Microwave coagulation therapy (MCT) is an effective treatment for hepatocellular carcinoma. During MCT, the target region is heated to induce coagulation in the tissue, including cancer cells. Several types of antennas for MCT have been developed, the heating performances of which were evaluated via specific absorption rate (SAR) and temperature distribution. However, for coagulation therapy, detailed evaluation of the coagulated region is important. Therefore, a newly developed algorithm is presented for calculating the coagulated region within biological tissue. To confirm the validity of the proposed method, the calculated result is compared with the experimental findings.

Introduction

Microwave coagulation therapy (MCT) has been used mainly for the treatment of hepatocellular carcinoma [Citation1,Citation2]. During treatment, a thin microwave antenna is inserted into the tumour, providing microwave energy that heats the tumour, producing a coagulated region that includes cancer cells. The input power of the antenna is of the order of several tens of watts, and heating duration is a few minutes or longer. The mechanisms of the treatment depend on therapeutic temperature. At temperatures of around 42–45 °C, biological cell death occurs in cancerous tissues [Citation3], whereas at around 50 °C coagulation necrosis will occur [Citation4]. Despite the large differences between treatment mechanisms, their treatment schemes are similar, especially in interstitial heating. In this paper, MCT corresponding to the coagulative necrosis is described.
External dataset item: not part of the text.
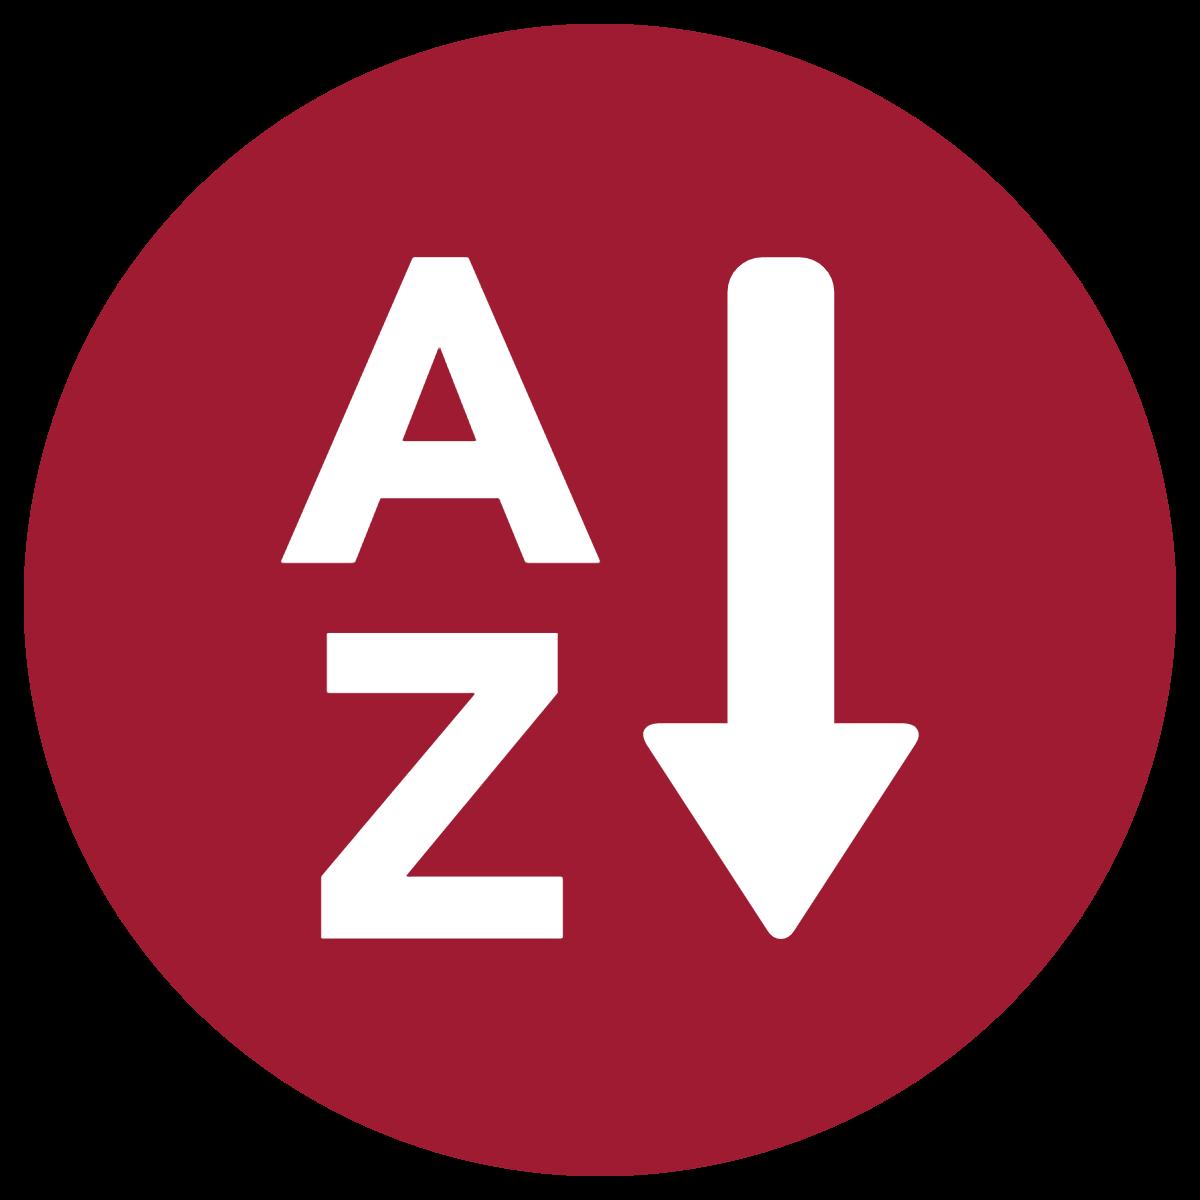 alphbetical listing
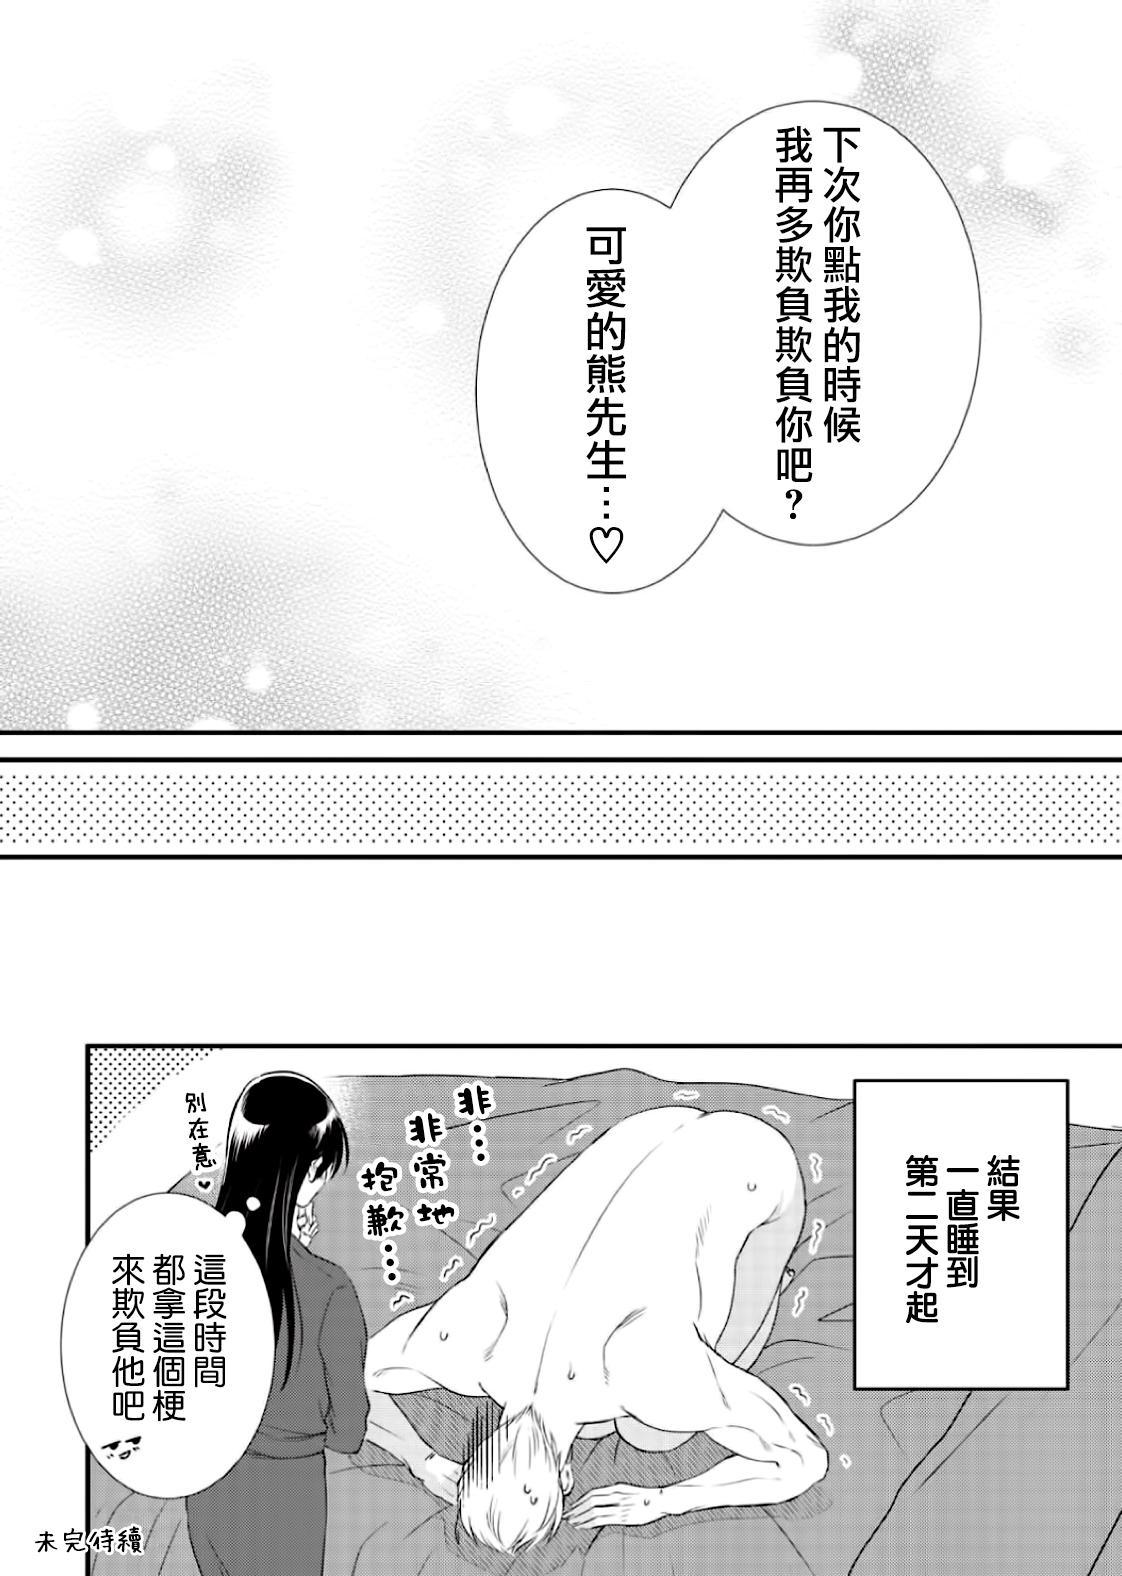 [Aion Kiu] Ijimete Kudasai Omega-sama ch.1-2 [Chinese] [沒有漢化] [Digital] 30

To generate a localised coagulated region of sufficient volume, several types of antennas have been investigated [Citation5,Citation6]. The heating ability has also been evaluated experimentally and by numerical calculations [Citation7]. For example, in Chiang et al. [Citation8], specific absorption rate (SAR) and temperature distributions of thin interstitial antennas were evaluated and in vivo analyses were performed. The heating abilities of practical antennas, such as water-cooled designs, were evaluated by Lu et al. [Citation9]. In Sommer et al. [Citation10], shapes of the coagulated regions are categorised to typical geometric shape such as a sphere and an ellipsoid to evaluate the coagulation volume. In radio frequency tumour ablation, temperature analysis was conducted based on the results of in vitro experiments [Citation11], and the relationship between the coagulated region (ex vivo) and the calculated electric field strength [Citation12] was investigated.

In this way, the heating ability of antennas (for the microwave) and electrodes (for the radio frequency current) were investigated based on SAR and temperature distribution. SAR and temperature distribution are important indices of the heating performance of antennas. However, examination of the coagulated region around the antenna is important for evaluation of coagulation therapy. The coagulated region around the antenna can be measured with the use of biological tissue such as extracted organs. The experimental evaluation is not easy to perform. If the coagulated region can be calculated, antenna performance and treatment planning can be improved.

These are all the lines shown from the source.